Co-electrolysis of CO2 and H2O vapour can be conducted in solid oxide cell (SOC) to generate electricity and produce syngas with high conversion and selectivity [16]. The SOC converts electrical energy to chemicals when operating in electrolytic mode, and vice versa in fuel cell mode [142]. The SOC operates at an elevated temperature (≥800 °C) [16], and suffers from concentration polarisation and degradation of electrode [143]. Call et al. [144] have studied the use of fluidic oscillators to disrupt gas flow boundary layers and intensify mass transfer, leading to the development of a highly energy efficient system. The same researchers have also attempted to couple plasma with the SOC to improve energy efficiency of CO2 activation while fluidic oscillation reduce concentration polarisation leading to an enhanced mass transfer.

The CO2 reduction in electrochemical systems can be cost-effective depending on the chemical targeted and prevailing economic conditions.
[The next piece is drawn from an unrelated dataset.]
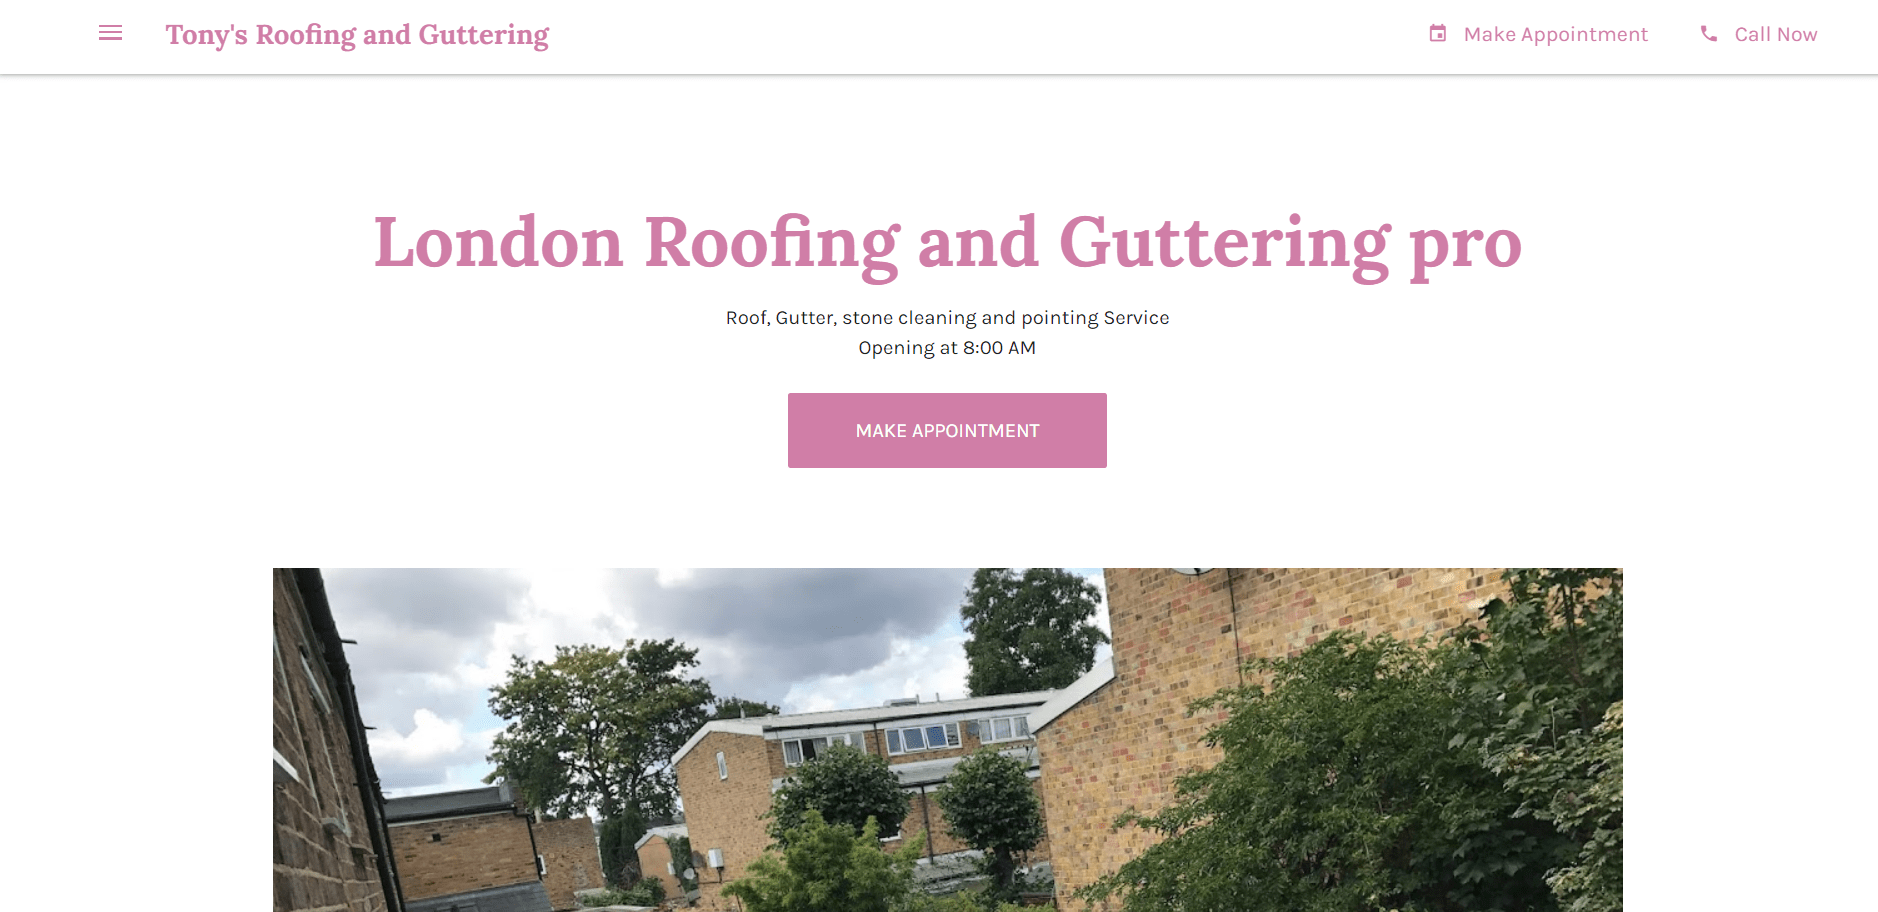 Tony’s Roofing & Guttering

For instance, Jouny and co-workers have demonstrated that CO2 conversion to CO and formic acid can be highly profitable in such systems provided key electrocatalytic performance targets such as high selectivity and overpotential are met [145]. PI approaches can be directed at improving these desirable performance characteristics as highlighted above and thus making electrochemical processes more economically viable especially at large scales. The additional energy input often associated with active PI techniques such as fluid oscillations, centrifugal processing etc. should nevertheless be included in any economic analysis for a realistic assessment of operating costs and profitability.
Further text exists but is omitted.